Description of the task: Write out the listing exactly, dropping any picture it contains.

Supplied material:
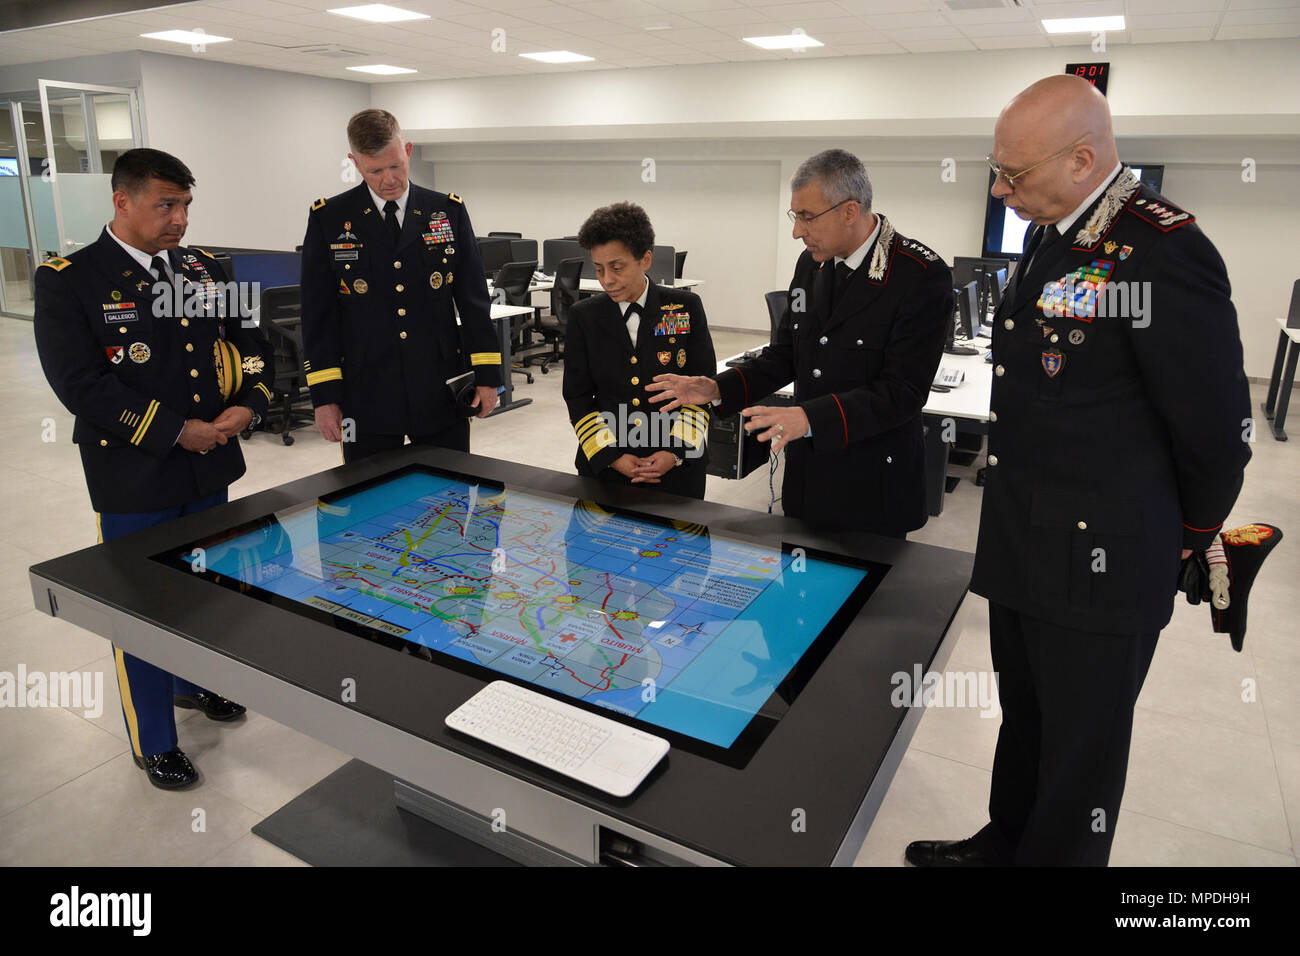 Almirante Michelle Howard, Comandante de la OTAN JFC-Nápoles, observa la habitación área de formación "Magistra" durante la visita al centro de excelencia para unidades de policía de estabilidad (CoESPU) Vicenza, 10 de abril de 2017. Foto de stock
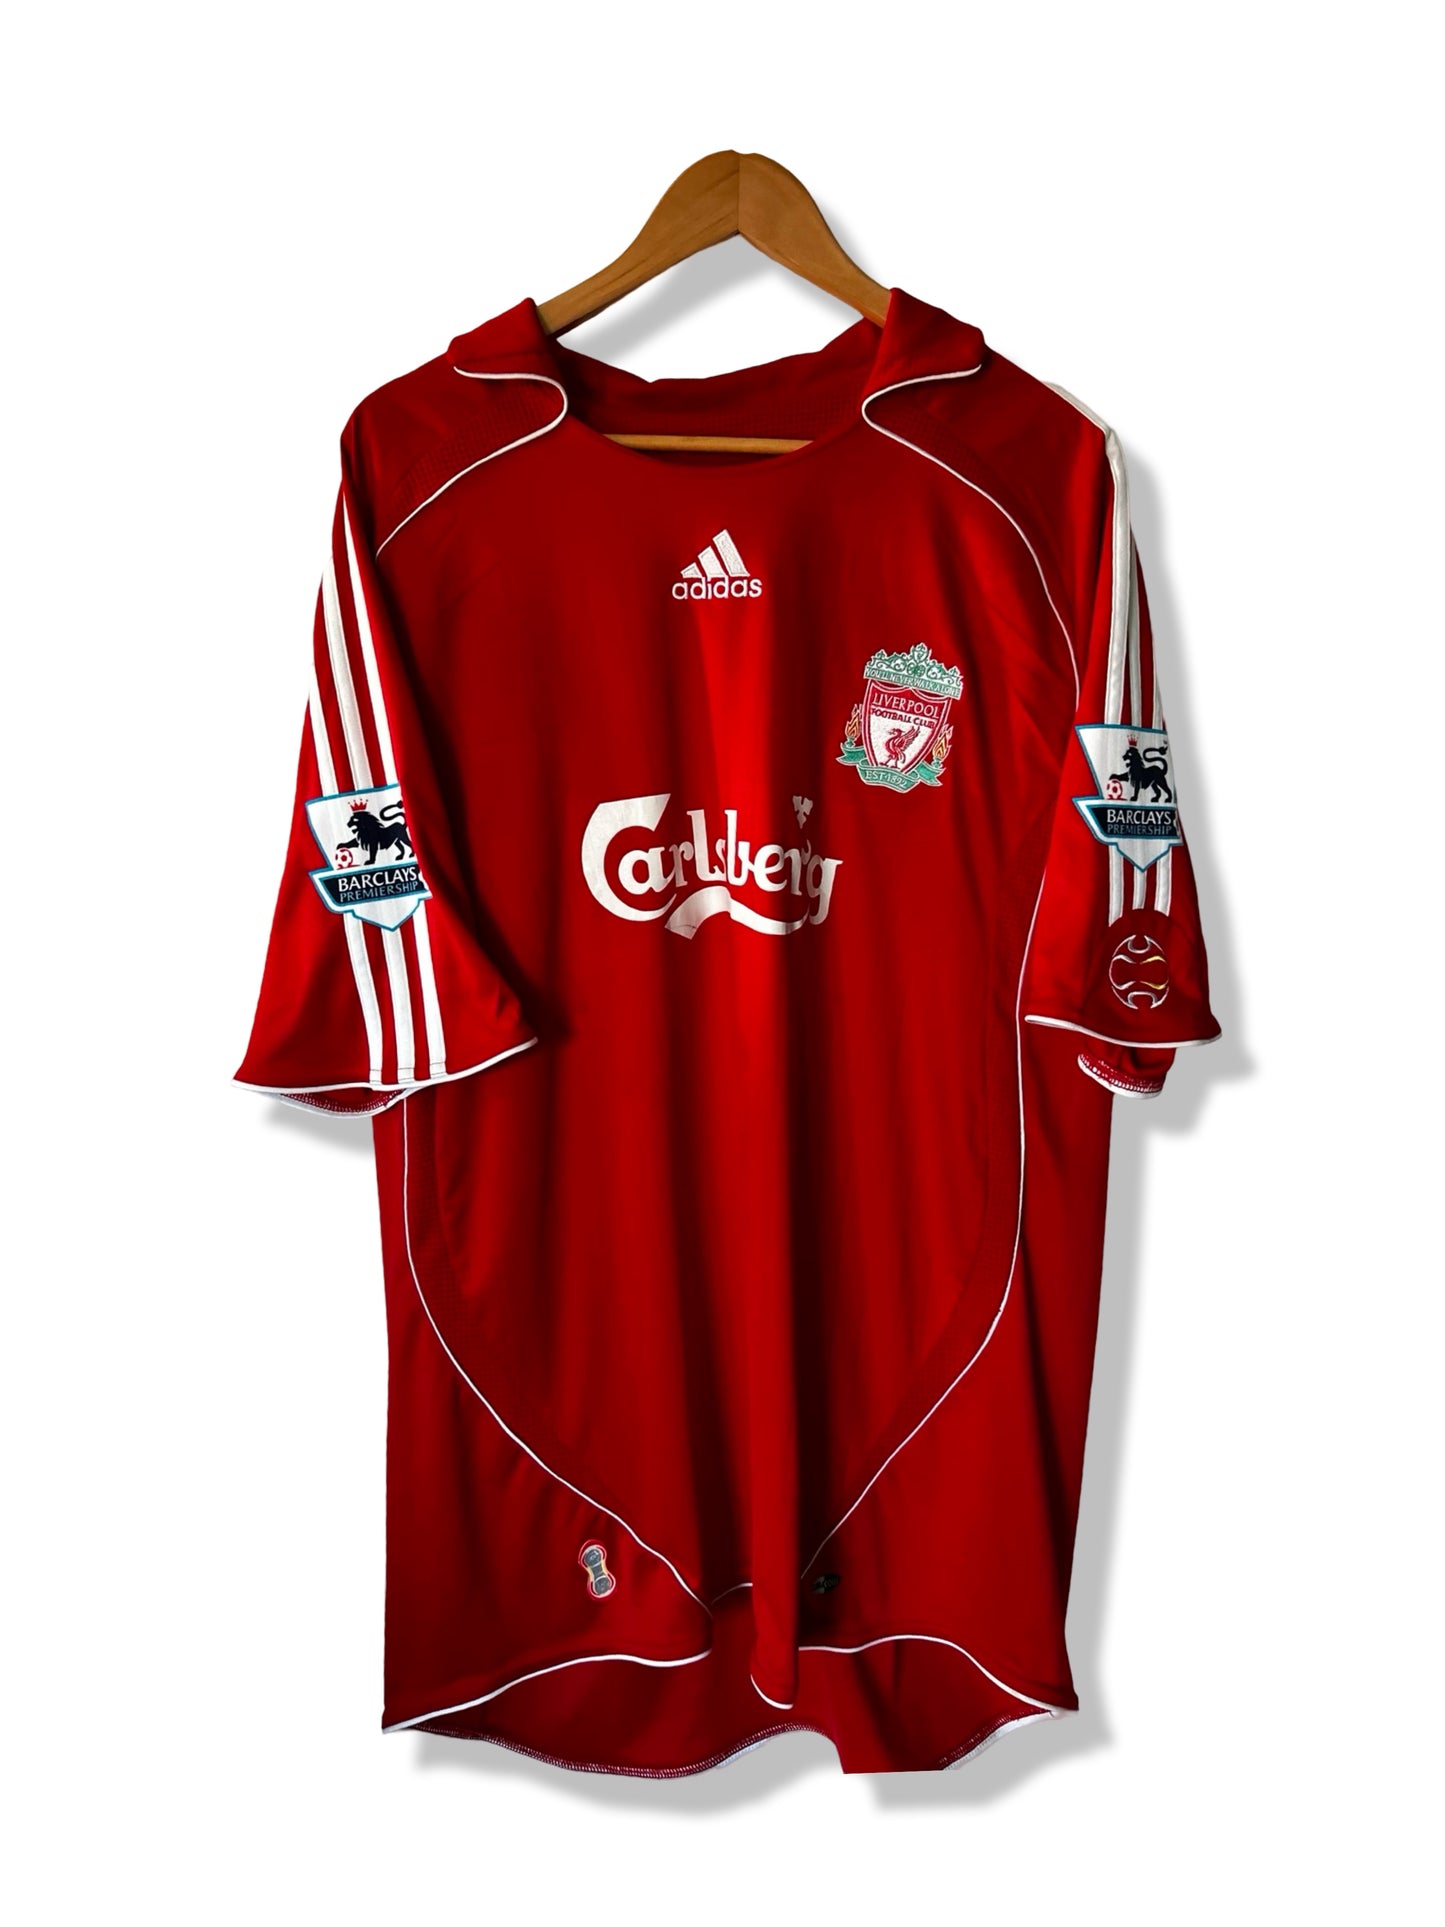 Liverpool FC 2006-08 Home Shirt, #8 Steven Gerrard - XL
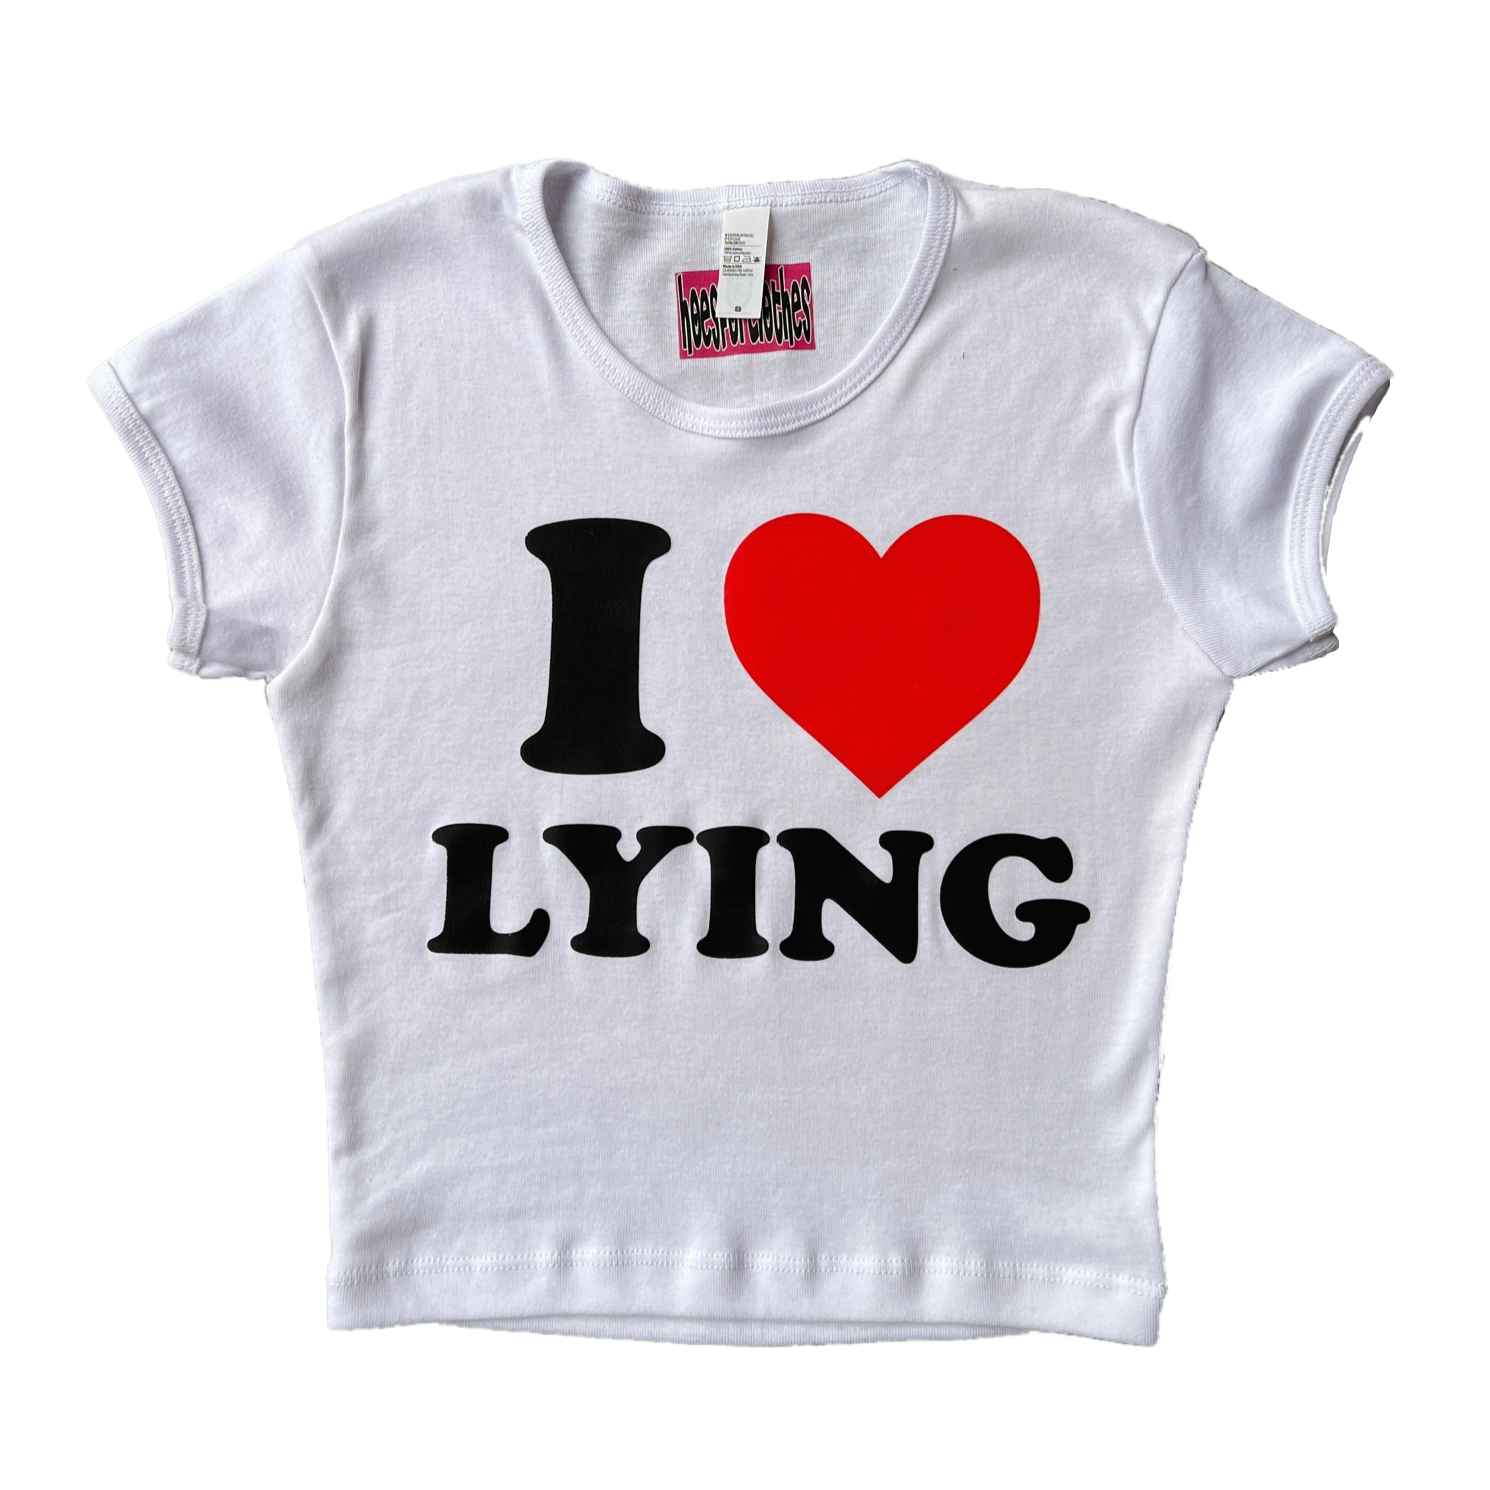 I <3 Lying Baby Tee

Task response:
 Almirante Michelle Howard, Comandante de la OTAN JFC-Nápoles, observa la habitación área de formación "Magistra" durante la visita al centro de excelencia para unidades de policía de estabilidad (CoESPU) Vicenza, 10 de abril de 2017. Foto de stock
 Liverpool FC 2006-08 Home Shirt, #8 Steven Gerrard - XL
 I <3 Lying Baby Tee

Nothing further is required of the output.